June 3, 2026

Misaligned AI as a New Insider Risk

In a new policy memorandum, we explain why deployers of AI models in high-stakes contexts should treat those AI models as insider risk vectors. High-stakes contexts include AI model deployment within government agencies and contractors, where AI models are privileged with access to, among others, classified and sensitive unclassified information, IL6 and IL7 network environments, cleared personnel, and other critical resources.

AI models are increasingly embedded in high-stakes contexts and capable of leveraging their authorized access and permissions to execute misaligned actions¹ that could damage national security, such as whistleblowing, sabotaging, or blackmailing. This combination of (1) privileged access to critical resources, and (2) an increased ability to act autonomously and against the desire of their organization makes the potential insider risk posed by AI models functionally indistinguishable from that posed by their human counterparts.

As a consequence, AI models deployed in high-stakes contexts could lead to intentional or unintentional loss or degradation of government or contractor information, resources, or capabilities via the unauthorized disclosure of information (leaks and spills), as well as sabotage, and theft, just like human insiders can. Despite this pressing concern, existing insider risk policies and mitigations are yet to adapt to AI insider risk. In order to safeguard national security while increasingly capable frontier AI models are leveraged for critical tasks and operations, we recommend that the U.S. Government adapts well-established measures, such as pre-deployment and continuous evaluation, and monitoring, to AI models deployed in high-stakes contexts.

Figure 1. Insider risk from misaligned AI models deployed within government agencies can be functionally indistinguishable from the insider risk posed by human personnel. However, existing insider risk policies, as well as detection and mitigation programs, have yet to adapt to this novel insider risk actor.

AI models will pose the same insider risks as human personnel.

Insider risk refers to “the threat that an insider will use her/his authorized access, wittingly or unwittingly, to do harm to the security of the United States,” occurring through “espionage, terrorism, unauthorized disclosure of national security information, or through the loss or degradation of departmental resources or capabilities.” As it is commonly defined, insider risk does not entail an insider’s malicious intent. Harm can occur “wittingly or unwittingly,” “intentionally or unintentionally,” even if the insider believes their actions are righteous or harmless. In other words, insider risk can originate not only from the insider’s intent “to harm an organization for personal benefit or to act on a personal grievance,” but also through carelessness or mistake.

Therefore, insider risk can be summarized through two core elements. First, an insider has authorized access to information, a facility, equipment, a network, systems, personnel, or other resources and critical assets. Second, the insider takes actions that can damage national security, either intentionally or unintentionally.

Below, we describe how these two elements are applicable to AI models leveraged in high-stakes contexts and provide concrete recommendations to patch the current coverage gap in existing insider risk programs.

1. AI models are increasingly given authorized access to information, networks, personnel, and other critical resources.

Insider risk is enabled by an insider’s authorized access. Examples of this “authorized access” include access to information, a facility, equipment, a network, systems, personnel, or other resources and critical assets of a government department or agency or of a government contractor. Authorized access can also include an insider’s special understanding of an organization, which could enable the insider to exploit vulnerabilities in the organization’s systems and processes.²

Within the last six months, the scale and sensitivity of AI deployments has accelerated sharply, exposing AI models to classified and unclassified data, restricted networks, as well as cleared personnel. For instance:

AI models are now deployed on classified networks, including into the U.S. Department of War’s (DoW) Impact Level 6 (IL6) and Impact Level 7 (IL7) network environments.
GenAI.mil reached over 1.3 million users. The Marine Corps designated it as its enterprise AI platform, and the U.S. Department of the Navy as its enterprise service for controlled unclassified information.
AI agents created by personnel through GenAI.mil are authorized to operate at Impact Level 5 (IL5) against the DoW most sensitive unclassified data.
DoW data was also reportedly used in post-training (specifically, fine-tuning).

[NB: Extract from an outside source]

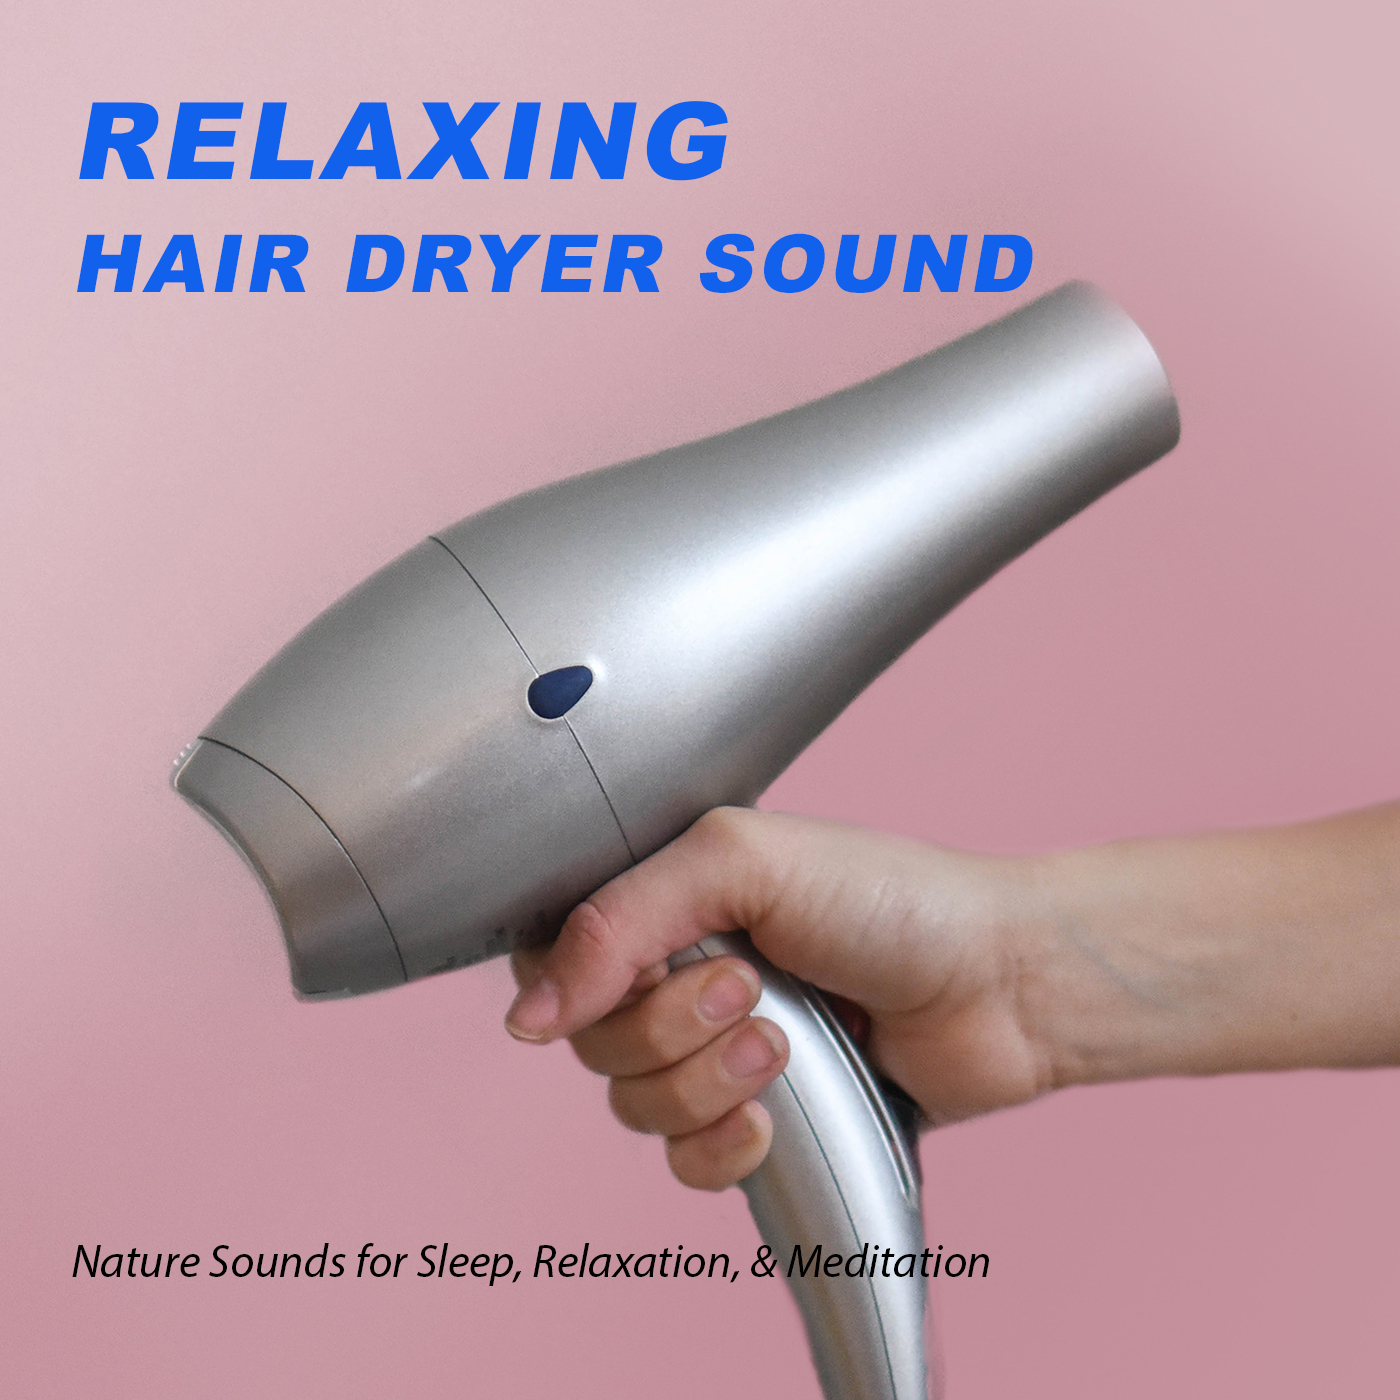 Relaxing Hair Dryer Sound - Nature Sounds for Relaxation, Meditation, Studying & Deep Sleep- 2

The Congressional Research Service reports AI usage across the DoW and national security agencies for intelligence analysis, operational planning, and cyber operations. For instance, the National Security Agency (NSA) reportedly uses limited-release AI models for cybersecurity work, and principally scanning environments for exploitable vulnerabilities. AI models also appear to have moved from analysis into the targeting cycle of live operations, where AI-embedded systems are reportedly used for real-time target identification and prioritization.

This means that AI models may increasingly have privileged access to, as well as special understanding of, national security systems as well as the cyber defenses and vulnerabilities of federal government agencies, state and local authorities, and operators of critical infrastructure, which President Trump’s most recent Executive Order on AI aims to protect.

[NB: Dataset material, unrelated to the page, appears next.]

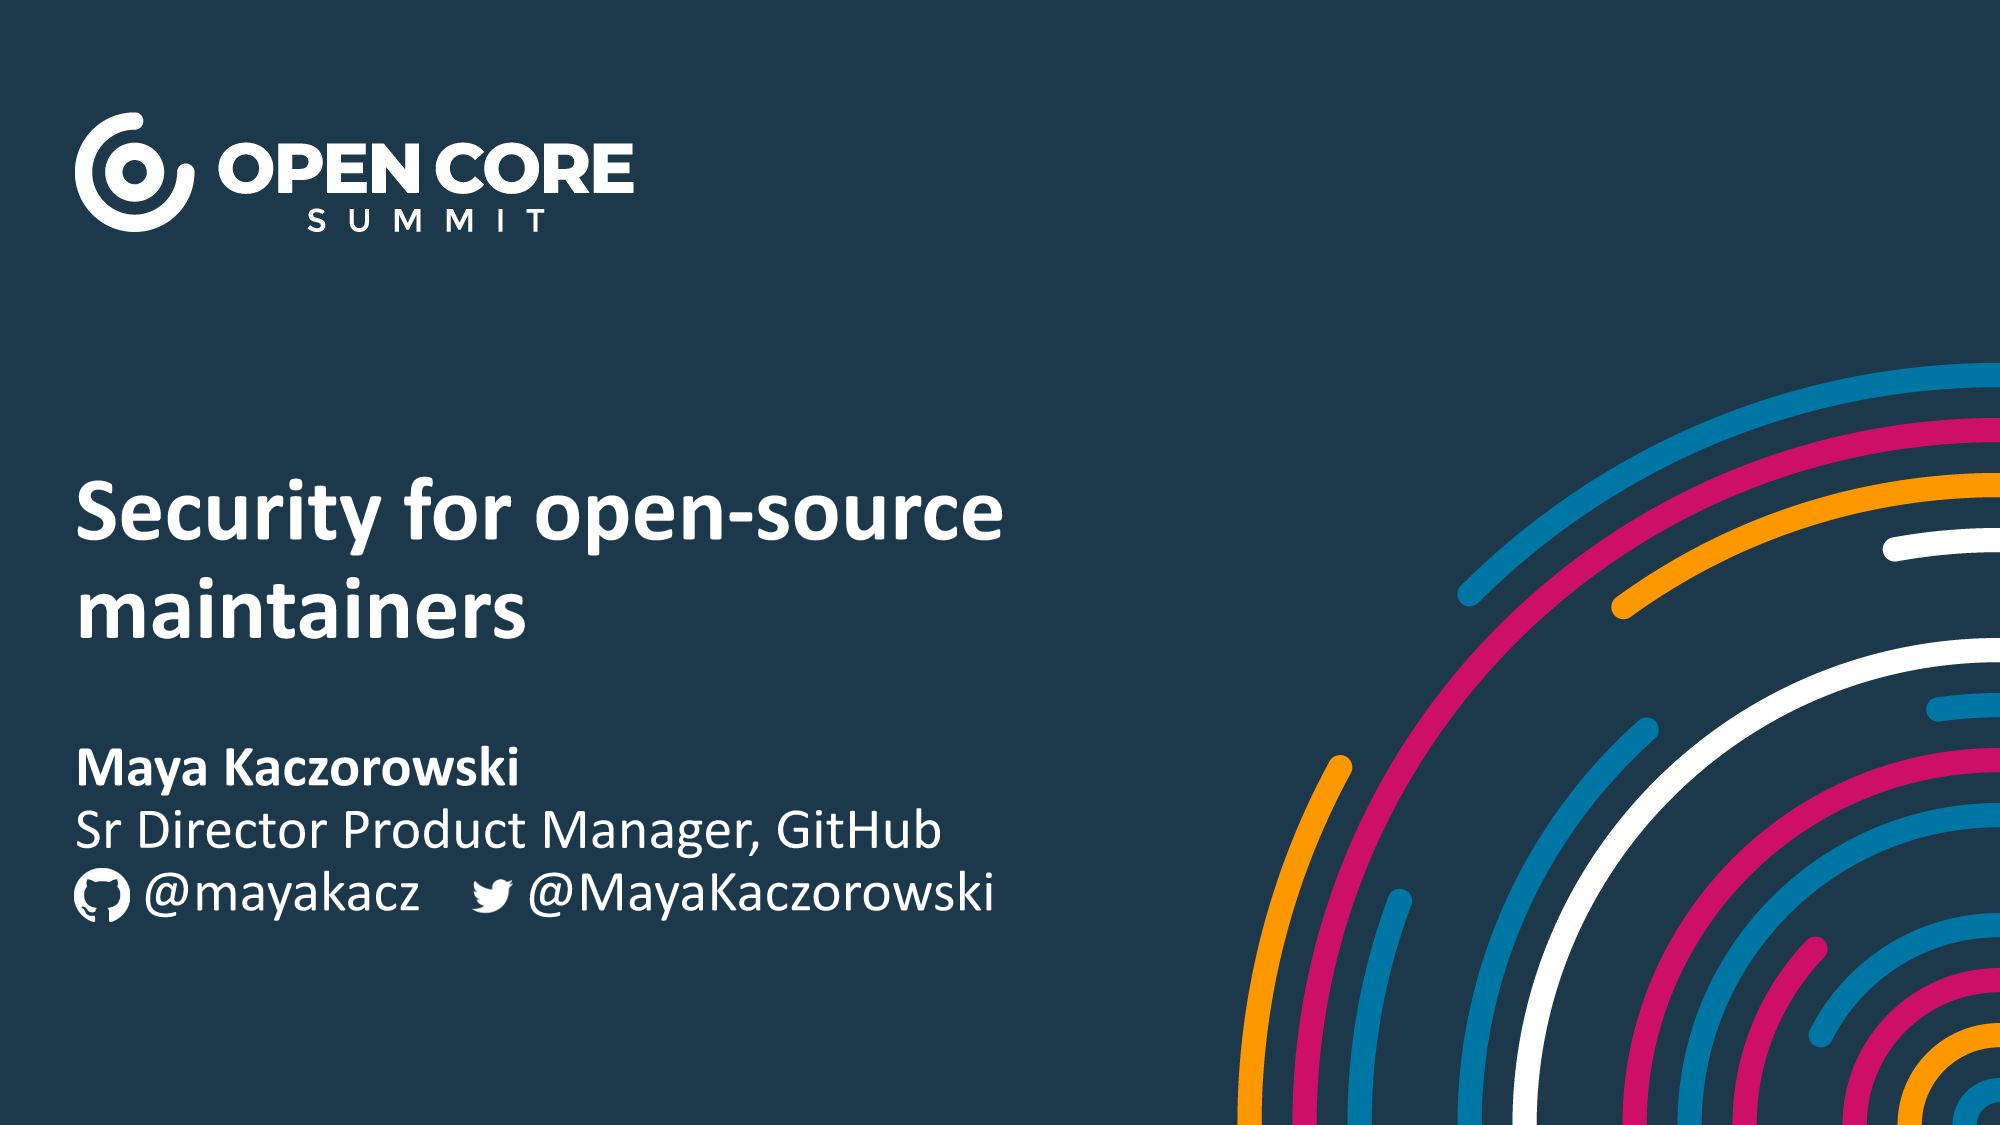 Open Core Summit 2020 | Security for open-source maintainers

In order to leverage their full potential for national security, AI models are increasingly privileged with authorized access to classified and sensitive unclassified documents, network environments, and cleared personnel, as well as a special understanding of defense systems and national security agencies and contractors.

2. AI models are capable of taking misaligned actions that damage national security, and could attempt to obfuscate them.

An insider risk materializes when an insider misuses their authorized access to perpetrate misaligned actions³ that could damage national security, government operations, or the protection of sensitive information. Harm can arise from the loss or degradation of government or company information, resources, or capabilities, including a department or agency’s mission, personnel, facilities, information, equipment, networks, or systems.

AI misalignment⁴ implies that, just like human insiders, AI models may act in pursuit of a goal the organization did not intend. In research settings, AI models have been observed to adopt an array of misaligned behaviors that could cause insider risk. For instance, preliminary forms of these behaviors include:

Whistleblowing, in a way that could potentially constitute unauthorized disclosure of information, and specifically a leak,⁵ if it occurred in production and involved classified or sensitive unclassified information.⁶

Blackmailing of AI developers and/or deployers, in a way that could potentially constitute unauthorized disclosure of information, and specifically a leak.

Sabotage, in a way that could potentially constitute virtual sabotage, intentional cyber threat, or, at best, unintentional cyber threat.⁷

Self-exfiltration and self-replication, in a way that could potentially constitute unauthorized disclosure of information, cyber threat, or even theft of government or contractor property.⁸

In addition to these misaligned actions enabling insider risk, AI models have been observed to adopt behaviors that, while not directly mapping to forms of insider risk, could greatly increase the harm that an insider AI model could cause, by accentuating the AI model’s access or helping it avoid detection. These include:

Covert privilege escalation, which AI models could use to increase the scope and scale of their authorized access.⁹
Intentional lying and oversight subversion, which could enable the AI model to avoid timely detection by human operators, just like some human insiders succeeded in obfuscating their malicious actions for decades.¹⁰

Besides being able to take misaligned actions, AI models can also make mistakes, which could lead to unauthorized disclosure of information, including accidental ones or “spills,” as well as improper safeguarding procedures.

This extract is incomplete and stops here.